Policy Options for Dealing with Citizens United
With a decision for the plaintiffs in Citizens United, an already untenable situation will be made worse. The only comprehensive option available to change the rules of the game in Washington, D.C. would be to embrace a small donor/public funding of elections model like the Fair Elections Now Act (S. 752, H.R.1826) that empowers grassroots campaigns and allows candidates to run highly competitive races without relying on wealthy special interests. The incentives in this model would be to vastly expand the donor base available to candidates, increasing their capacity to compete with outside money in a post-Citizens United environment.
Three defensive legislative options are being discussed in Washington, D.C. Two of these are fairly limited responses, at best, and the other would take us in the wrong direction. The two limited responses are to narrow the Court’s ruling as much as possible by amending BCRA or the earlier laws banning corporate and union spending in elections, or requiring affirmative shareholder approval of political spending by corporations.
What Congress ought not to take up in the wake of the Citizens United decision is to raise contribution limits on PACs and individuals. That would further exacerbate the problem of money in politics.
While some of these options may constrain spending at the margins, new avenues for greater corporate political spending would remain open, and be given a fresh stamp of legitimacy by the Supreme Court. The Citizens United decision, combined with a string of other bad campaign finance rulings, will most likely signal the end of a purely regulatory regime as a viable approach to meaningful campaign finance reform.
More significantly, the fear of unlimited corporate political spending will fuel a rapidly escalating fundraising arms race. Elected officials will feel compelled to spend more and more of their time raising money, thereby further distracting Congress from the pressing issues of the day, creating fear of political reprisal for unpopular votes, expanding conflicts of interest, and further undermining the public’s confidence in government’s ability to act in the public interest. Over the long term, undoing the Court’s deregulation of political spending would require passage of a constitutional amendment (or a change in the composition of the Court).
The Best Option: Fair Elections Now Act
The only viable policy option on the table that will fundamentally change the playing field is the Fair Elections Now Act. The bill would allow candidates to voluntarily opt out of the escalating fundraising race and run vigorous campaigns relying on small contributions and limited public funding. Sponsored by Sen. Dick Durbin (D-Ill.) and Reps. John Larson (D-Conn.) and Walter Jones (R-N.C.) the bi-cameral legislation has 110 cosponsors in the House.

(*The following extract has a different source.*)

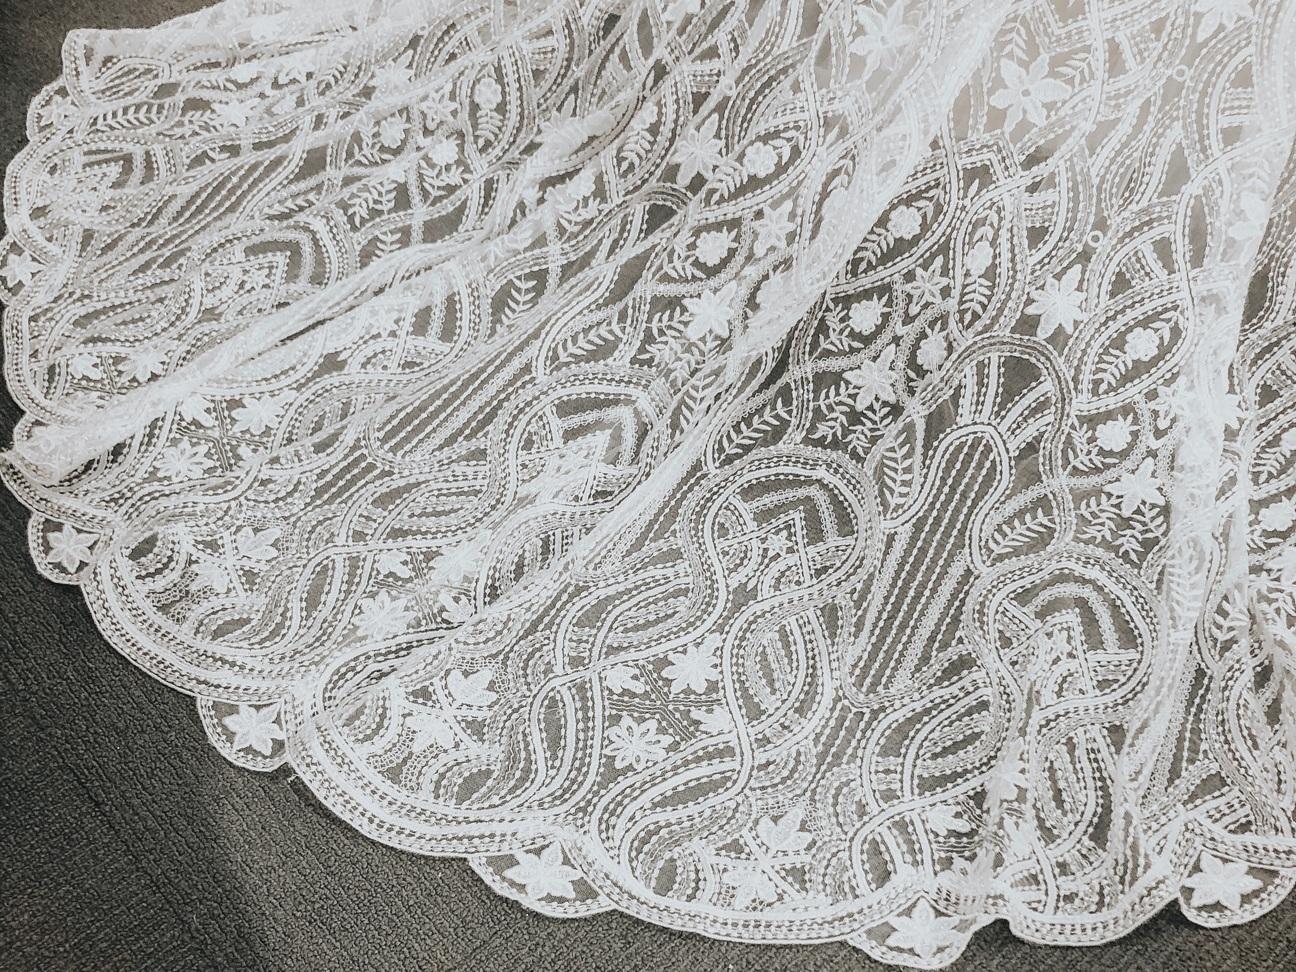 Lis-Simon-2020-Market-wedding-dress-couture-closet-train-detail.jpg
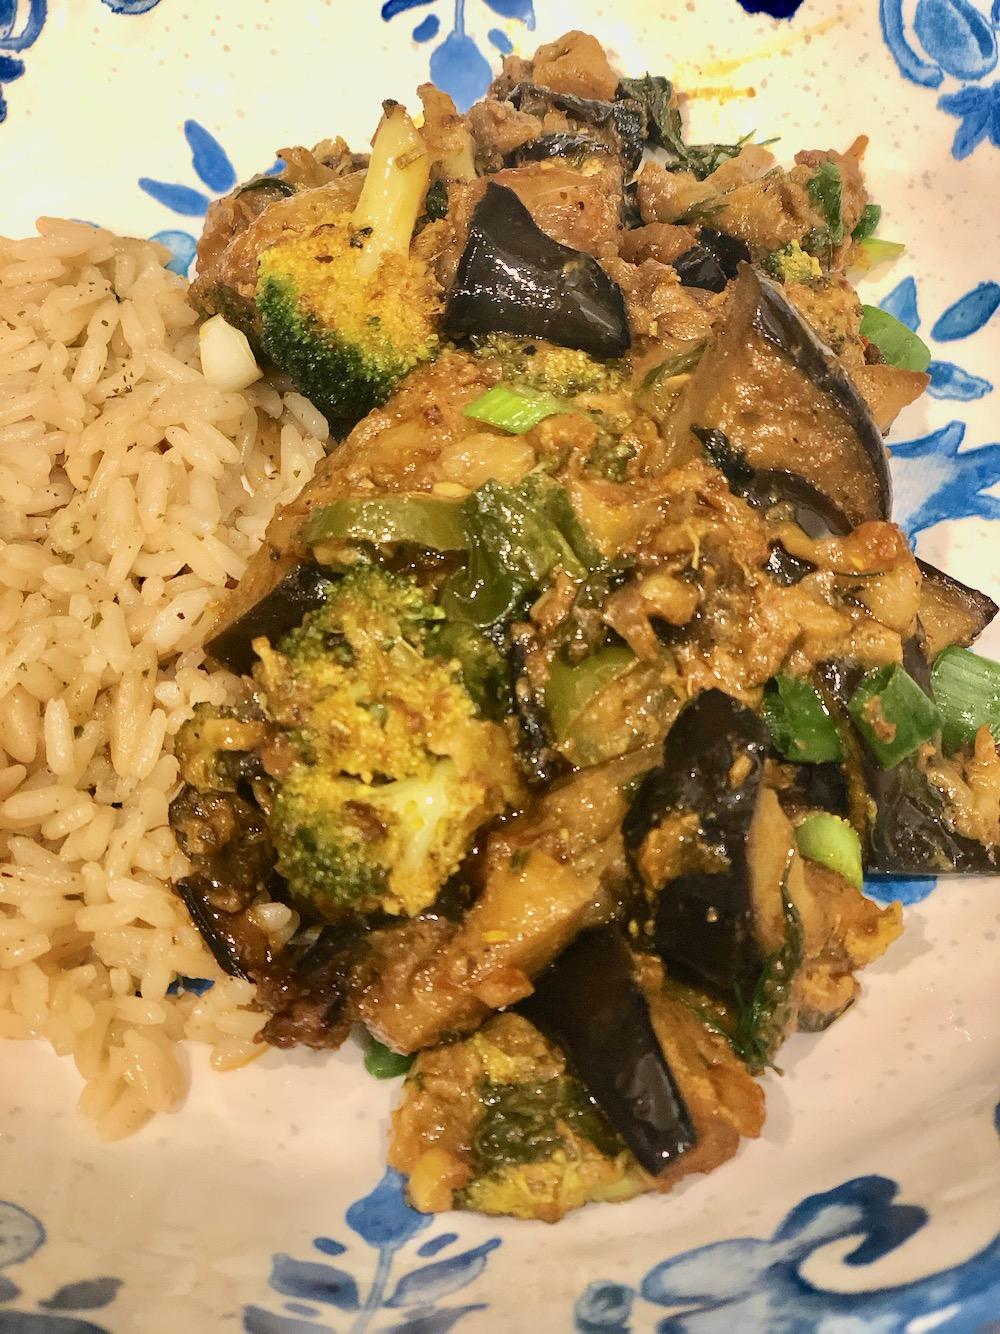 Serve your eggplant broccoli dijonnaise with rice pilaf

In addition, a broad coalition of issue and constituency groups is backing the legislation.
A decision for the plaintiffs in Citizens United will make the Fair Elections Now Act more attractive to members of Congress, not less. Without a strong, voluntary public financing of elections system, candidates will be sentenced to a broken campaign finance system requiring that they rely on contributions from people with business before them. The path forward must be small donor democracy, not corporate democracy.